Published:
Author: Catherine Graham
"Researchers around the world are now using this dataset to train and test the ability of AI to estimate colon geometry directly from a video."—Nicholas Durr, associate professor of biomedical engineering

Computer vision systems show promise for improving the accuracy of colonoscopy screenings, a procedure that uses a camera to see the inside of the large intestine to detect cancer and other diseases. Training and assessing computer vision algorithms typically require a properly labeled dataset that contains “ground truth”— information that is verified to be true in realistic conditions. To date, ground-truth datasets have been difficult to acquire for colonoscopy images.  

A Johns Hopkins University research team has created a dataset of simulated videos, called C3VD, that is more representative of colonoscopy imaging and can help researchers evaluate how their computer vision models will perform in real-world scenarios. Published recently in Medical Image Analysis, “Colonoscopy 3D video dataset with paired depth from 2D-3D registration” addresses problems that have historically made colonoscopy a challenging application for computer vision, including 3D reconstruction and depth estimation. 

According to the team, which includes Hopkins experts in optics, computer science, medical art, and gastroenterology, this is the first colonoscopy reconstruction dataset that includes realistic colonoscopy videos labeled with registered ground truth. They are hopeful that their efforts will contribute to the development of advanced computer vision algorithms that can aid endoscopists in real time during colonoscopies.

Artificial intelligence can dramatically improve colonoscopy procedures—for instance by improving lesion detection or ensuring the full colon is screened. But AI models rely on high-quality data. Our dataset includes commercial colonoscope videos of realistic colon phantoms, with pixel-level annotations of the distance of every pixel from the camera. Researchers around the world are now using this dataset to train and test the ability of AI to estimate colon geometry directly from a video,” said Nicholas Durr, an associate professor of biomedical engineering and senior author of the paper.  

To develop the dataset, researchers from the School of Medicine’s Department of Art as Applied to Medicine first created a digital sculpture of the colon from reference anatomical images and then physically cast it in silicone. Using the 3D colon model, the researchers recorded video sequences with a clinical HD colonoscope to include realistic lighting, sensor gain, gamma, and noise—all factors that play an important role in the performance of computer vision algorithms. 

After recording the simulated colonoscopy videos, the researchers needed to virtually align them to the model– a process known as registration–so that they could extract ground-truth information for each frame. They developed a registration algorithm using a combination of artificial intelligence, ray tracing, and optimization. By registering the videos with the models, they created a video dataset with more than 10,000 frames, in which each frame has ground truth normals, optical flow, occlusion, coverage, and poses. 

“These are essential components for building reliable computer vision models, making our dataset useful for various potential applications that may improve colonoscopy quality,” said Taylor Bobrow, a graduate student in biomedical engineering and lead author of the paper. 

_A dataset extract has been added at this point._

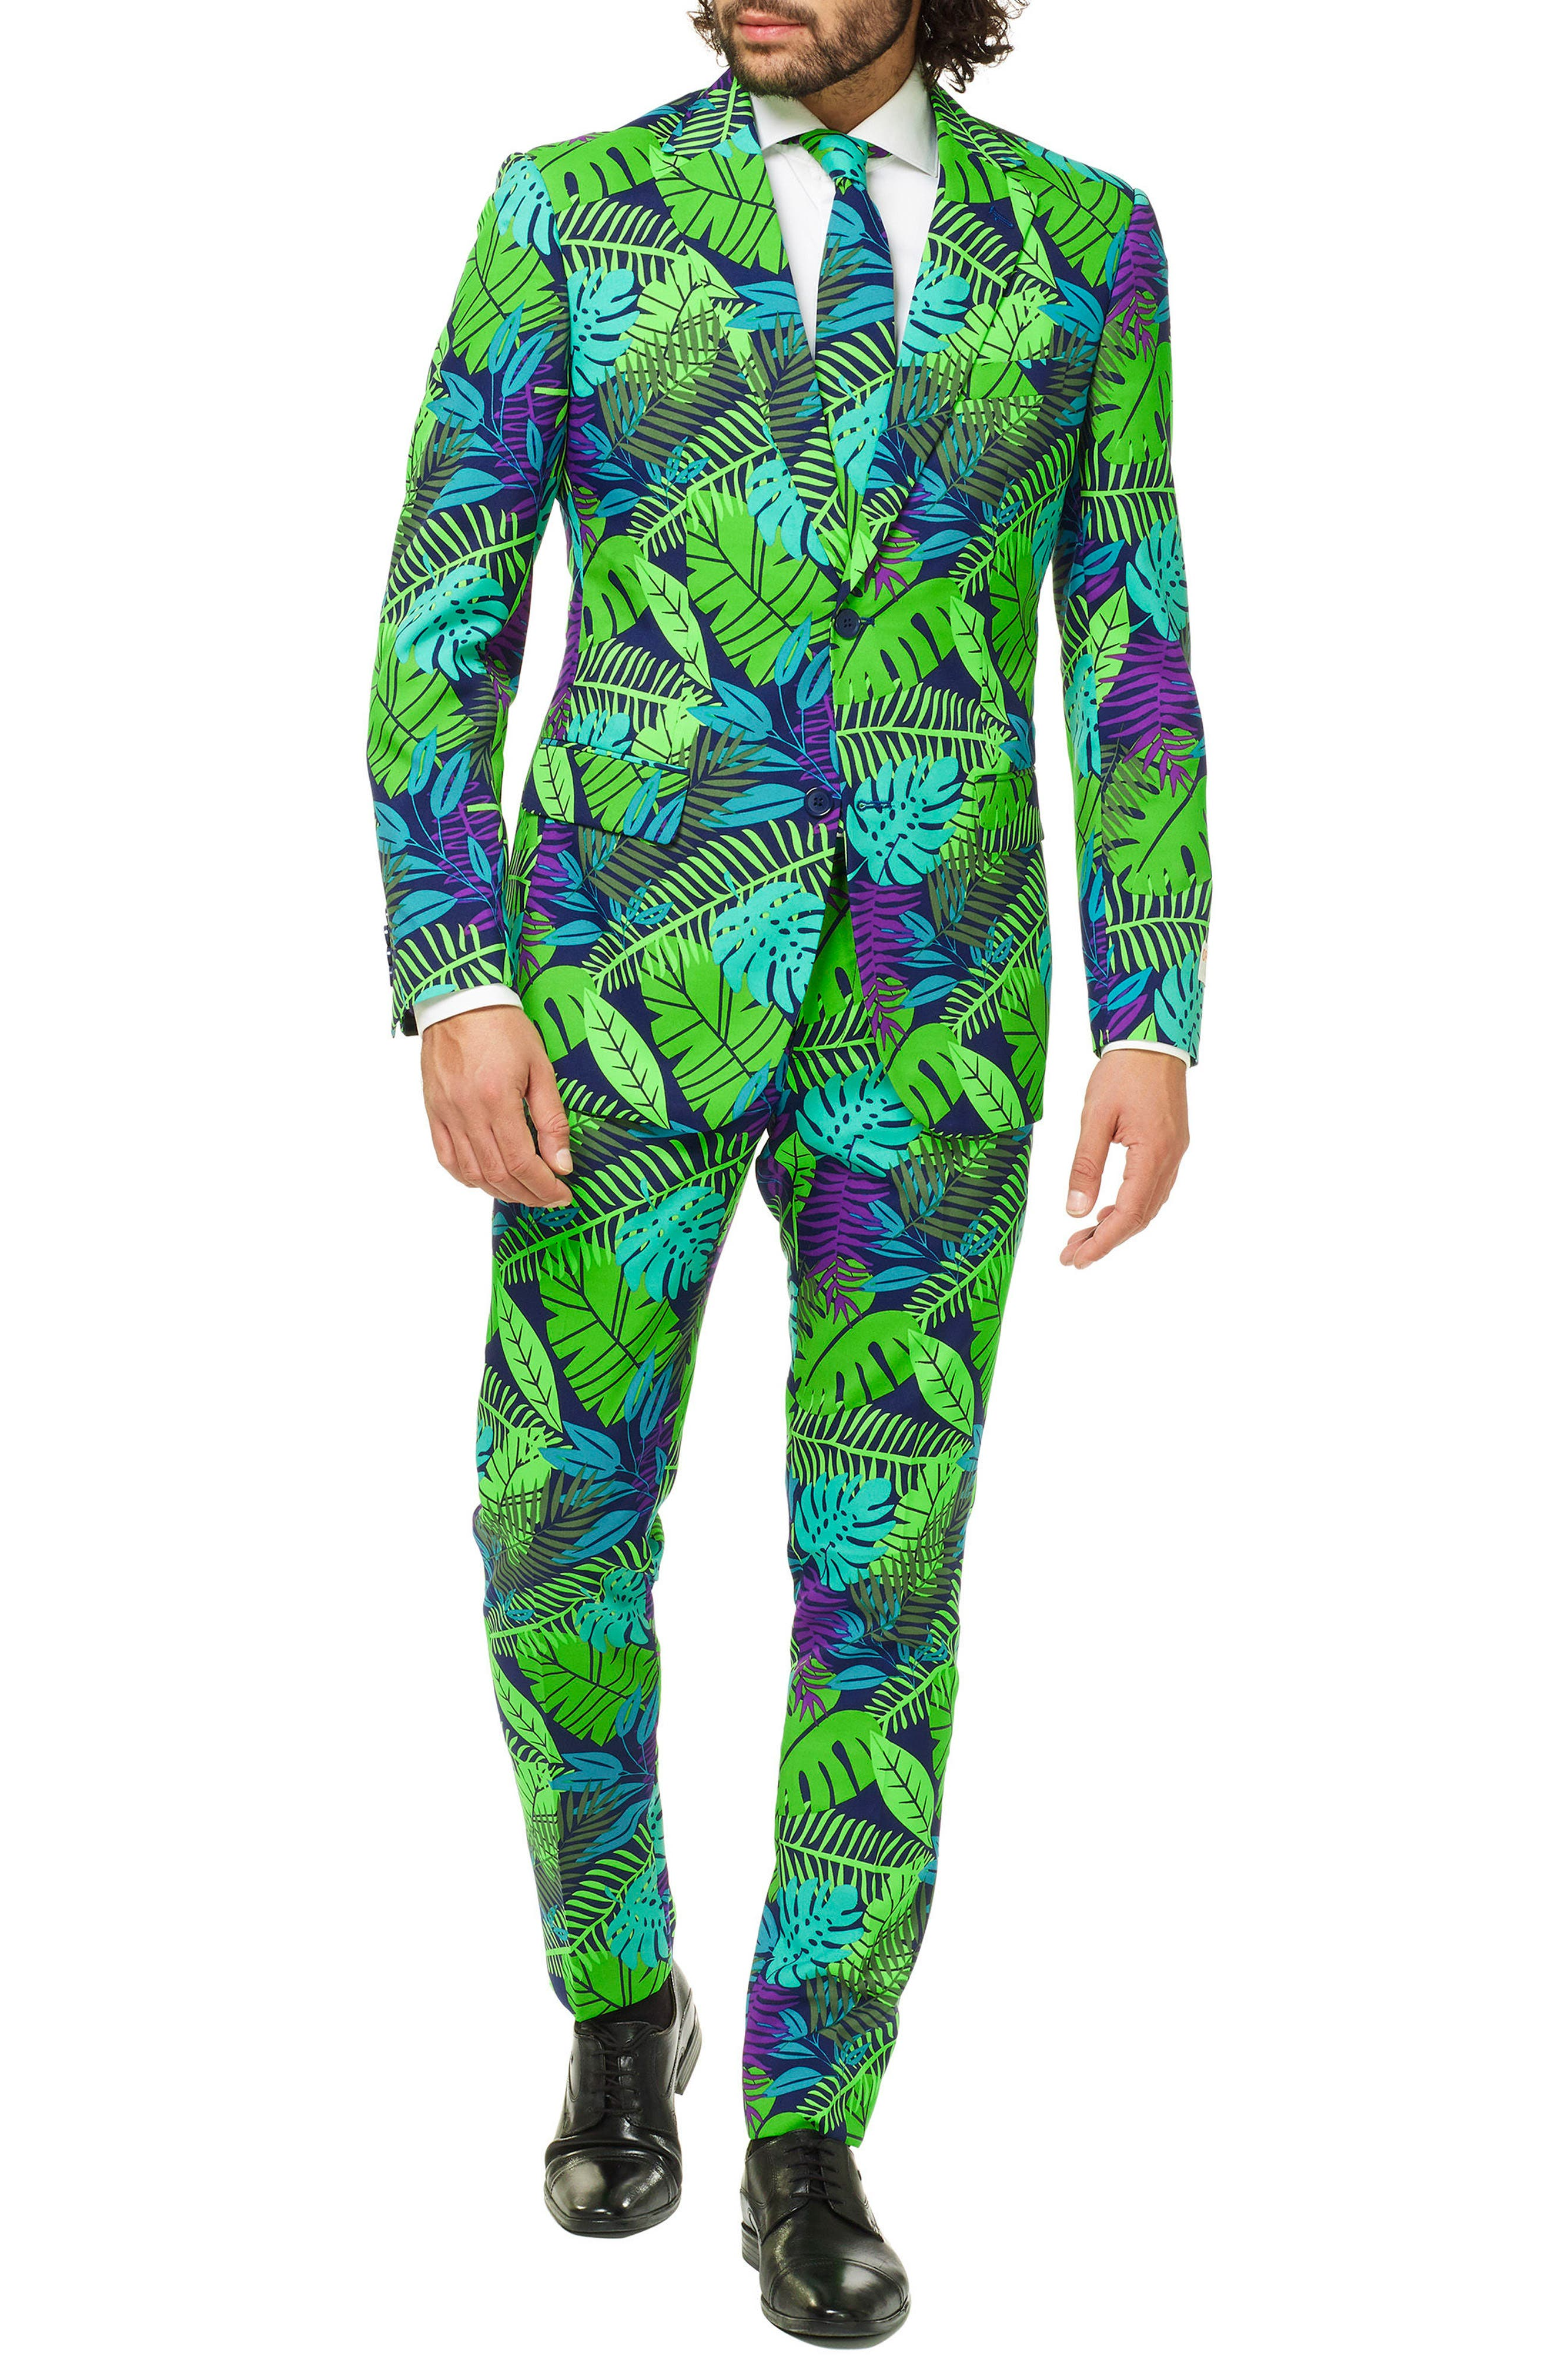 Juicy Jungle Trim Fit two-Piece Suit with Tie,                         Main,                         color, MISCELLANEOUS

While the study’s primary contribution was the validation dataset, Bobrow says the team also made an interesting finding related to the registration algorithm. Most work on 2D-to-3D image registration has focused on applications in radiological systems via X-rays, whereas the Johns Hopkins researchers worked with optical technologies. They discovered that transforming optical images to the depth domain for registration resulted in significant improvements in registration accuracy, as compared to directly registering the optical images. 

The team hopes the open-source dataset will enable the wider research community to improve the performance of computer vision tools for colonoscopies.  

Bobrow believes that C3VD has the potential to minimize the number of lesions that routine colonoscopy procedures might miss, resulting in later diagnoses of colorectal cancer.

“A big focus for researchers is on using AI to develop real-time feedback systems that achieve complete visualization of the colon and alert endoscopists if they miss inspecting a tissue area during a procedure. Our dataset could be used as a tool for validating algorithms that flag missed regions,” said Bobrow.  

Co-authors include biomedical engineering graduate students Mayank Golhar and Rohan Vijayan; Venkata S. Akshintala, an assistant professor of gastroenterology; and Juan R. Garcia, an associate professor in art as applied to medicine.